Participants also kept a daily log of the amount of caffeinated products they consumed. The mean number of milligrams of caffeine consumed per day was approximated for each participant according to the following criteria: 250 mL of coffee = 100 mg of caffeine; 250 mL of tea = 50 mg of caffeine; 250 mL of cola = 35 mg of caffeine; 10 g of chocolate = 5 mg of caffeine. On experimental days, participants were required to abstain from alcohol and were permitted to maintain their habitual caffeine consumption in the morning, so as to prevent potential caffeine withdrawal effects. Starting at noon, participants stopped consuming caffeine-containing beverages and foods.

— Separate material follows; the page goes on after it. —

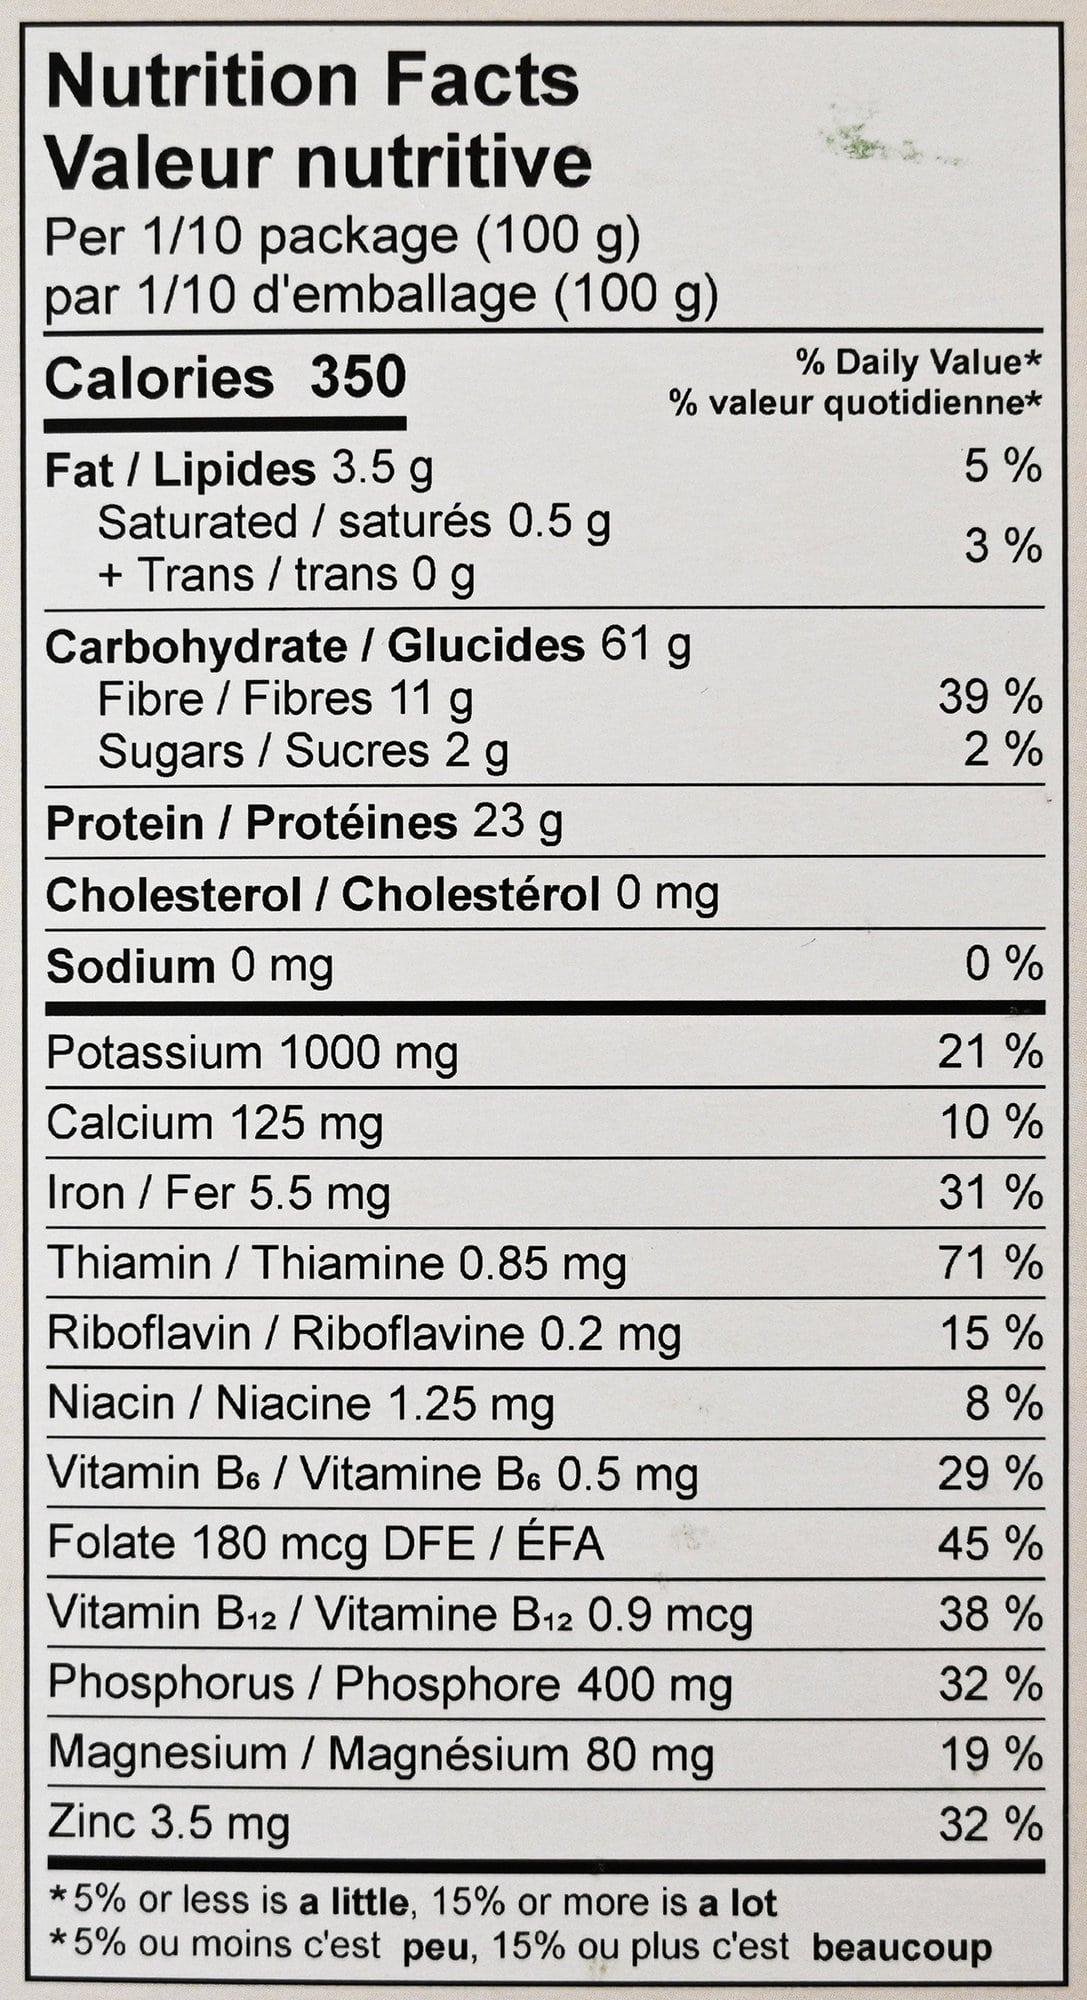 Image of the nutrition facts for the pasta from the back of the box.

All participants were submitted to both a caffeine and a placebo (lactose) condition in a double-blind cross-over design using stratified randomization. Participants within each age group were allocated to one of two dosage groups (except one participant who took part in both groups). In the low dose group, 26 participants (12 young (six males, six females; mean age 23.7 ± 2.1 years) and 14 middle-aged (seven males, seven females; mean age 50.4 ± 5.4 years)) received 200 mg of caffeine and placebo. In the high dose group, 21 participants (10 young (four males, six females; mean age 23.2 ± 1.6 years) and 11 middle-aged (five males, six females; mean age 53.4 ± 7.0 years)) received 400 mg of caffeine and placebo. One capsule containing half the dose of either caffeine (100 mg or 200 mg) or placebo (lactose) was administered 3 hours prior to habitual bedtime, and the remaining dose of caffeine or placebo (100 mg or 200 mg) was administered 1 hour before bedtime. The doses were administered at these two times to test the effects of caffeine on vigilance (data not presented here). All capsules were two-piece telescopic hard capsules, allowing the ingestion of caffeine without oral contamination.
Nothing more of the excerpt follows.